1. Causes and Principles of Hotspot Formation

  • Write: Data storage is organized in an ordered manner by key, and the key prefix of data in the same table is the same, leading to continuous writes on the same TiKV instance.

  • Read: High-frequency access to small tables, large-scale data scans, and scans of sequentially growing indexes.

2. How to Locate Hotspot Issues

  • Confirm the time and table regions through the traffic visualization heatmap in the Dashboard, then identify potential SQLs in the slow query SQL and SQL statement analysis pages.

  • Confirm through the TiKV trouble shooting page in Grafana, hot write/read in tikv-Details, and PD monitoring.

3. Solutions to Hotspot Issues

  1. Before business goes online, scatter hotspots in advance when creating tables:
  • When creating a table with a non-clustered index or a clustered index with a non-int primary key, use shard_row_id_bits and pre_split_regions to pre-allocate regions to avoid hotspots.

  • If creating a table with a clustered index and an auto-increment int primary key, use auto_random to specify random generation of tidb_rowid to scatter hotspots instead of auto_increment. The unique auto-increment primary key in TiDB only guarantees uniqueness and non-null properties, not increment properties.

  • If bulk data insertion follows bulk table creation, enable the tidb_scatter_region switch to automatically scatter regions after table creation.

  1. If hotspots are found during business operation:
  • If index hotspots are confirmed through the dashboard, manually split regions and let the system scatter them: split table {table_name} index {idx_name} between {from} and {to} regions {n}. If hotspots persist, manually scatter them. See below for steps.

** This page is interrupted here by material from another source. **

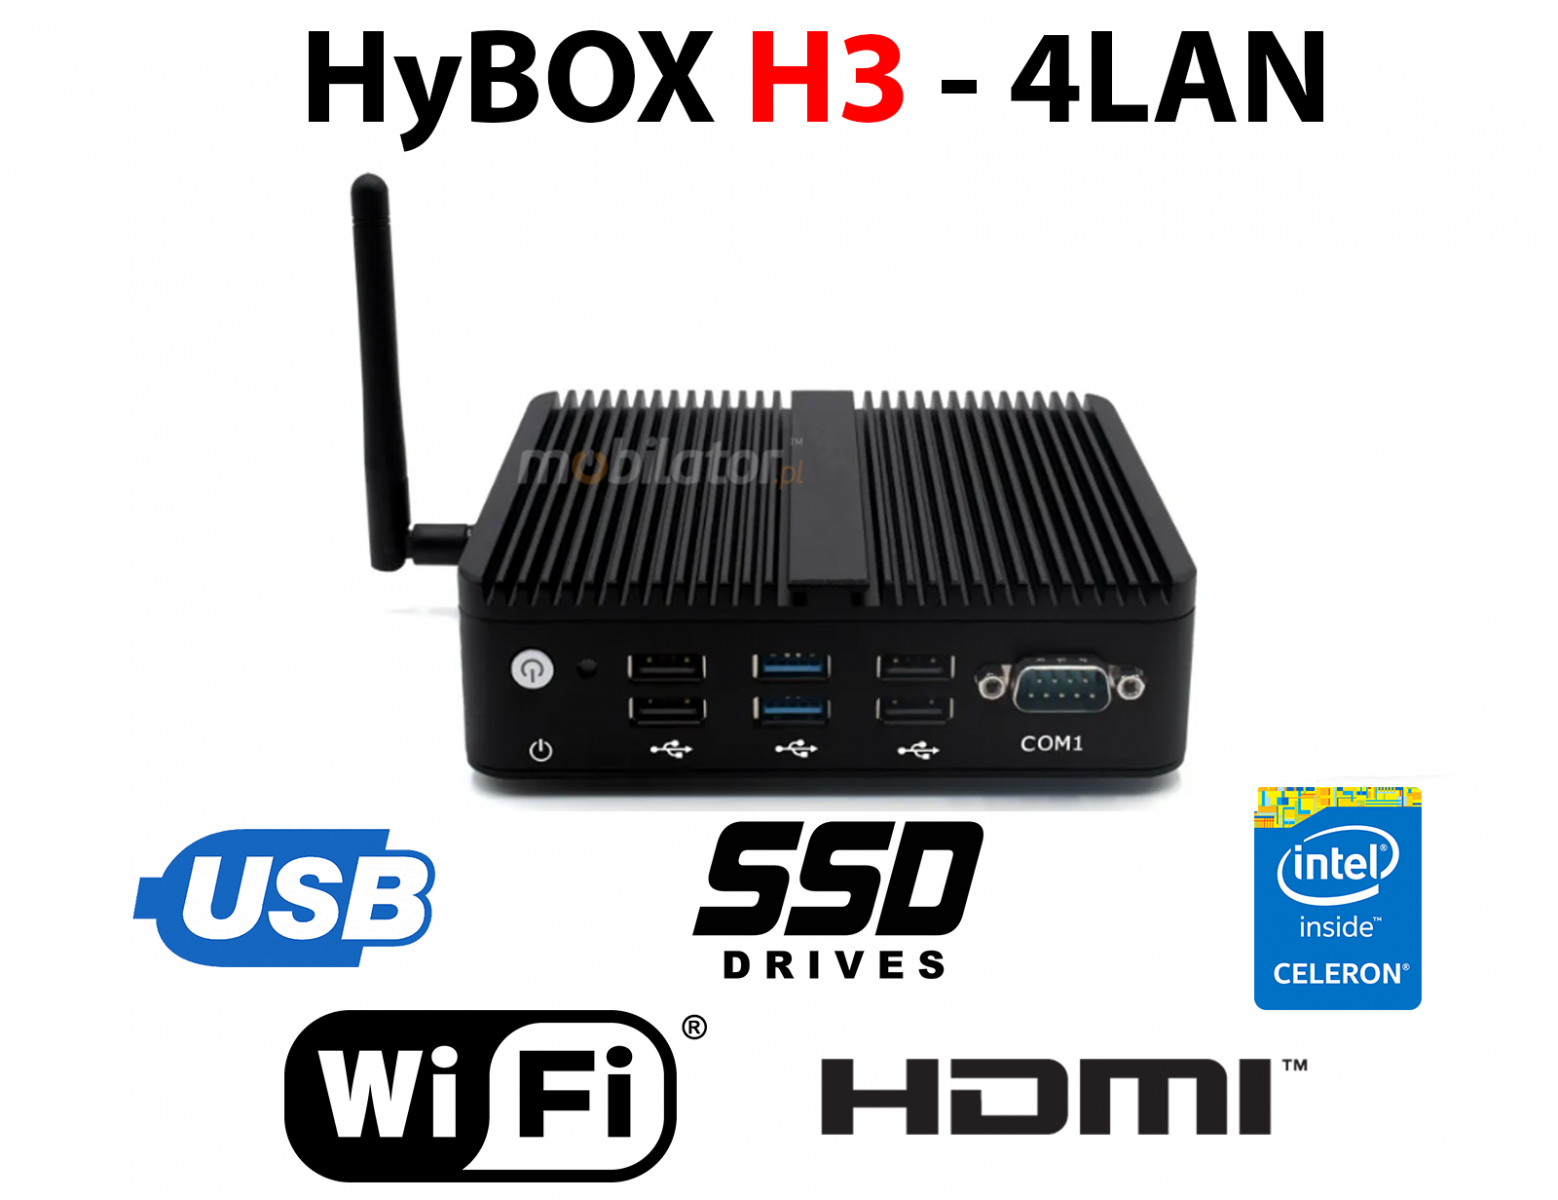 HyBOX H3-4LAN small reliable fast and efficient mini pc Linux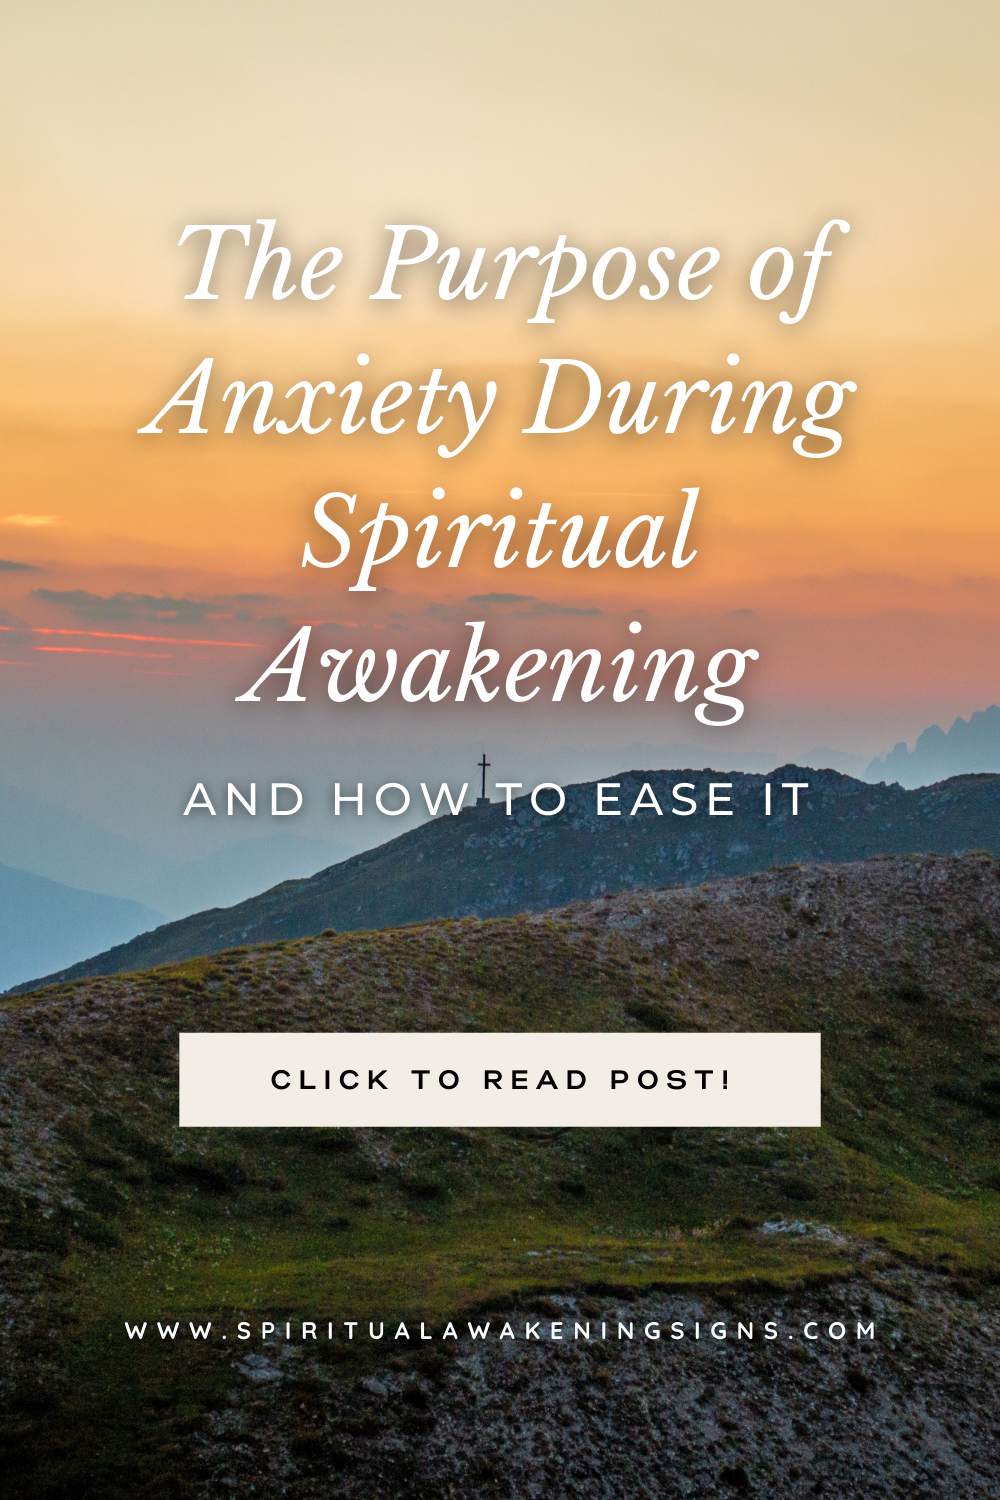 The Purpose of Anxiety During Spiritual Awakening (and how to ease it)

  • If the table being written to has an auto-increment int primary key, set auto_random (alter table {table} modify a bigint auto_random(5)).

  • If the hotspot-causing SQL is an insert operation and the table has no primary key, set shard_row_id_bits to scatter the internally allocated tidb_rowid.

  • If the hotspot-causing SQL is an update/delete operation, manually scatter regions. Steps to manually scatter regions:

  • Confirm start_key through the dashboard, then find the region id and store id: pd-ctl region key {start_key}.

  • Split the region: pd-ctl operator add split-region {region_id} --policy=approximate.

  • Manually scatter:

  • Find the new region id after splitting from pd.log, then manually transfer it to an idle node. First, check which store is relatively idle and find its store id.

  • operator add add-peer {new-region-id} {target-store-id}.

  • operator add transfer-leader {new-region-id} {target-store-id}.

  • operator add remove-peer {new-region-id} {origin-store-id}.

  • If it is a read hotspot caused by frequent access to a small table:

  • If it is less than 64MB and not frequently updated, set it as a cache table to cache it directly in the tidb-server memory.

  • Trigger the system’s automatic scattering function to balance it by setting config tikv split.qps-threshold=3000 for QPS over 3k, or set config tikv split.byte-threshold=30 for access traffic over 30MB.

  • If it is a read hotspot and not a small table, it may be an execution plan issue. Confirm if there are missing indexes or if the optimizer has chosen the wrong index to handle it.

| username: TiDBer_Y2d2kiJh | Original post link

This afternoon, I optimized all the SQL queries. In the evening, I noticed that even when the business volume was low, the IO of TiKV still remained at 30%. Does this mean that the IO capacity of the TiKV server needs to be increased?

| username: TiDBer_Y2d2kiJh | Original post link

Thank you.

| username: Hacker007 | Original post link

Analyze the slow SQL during this period.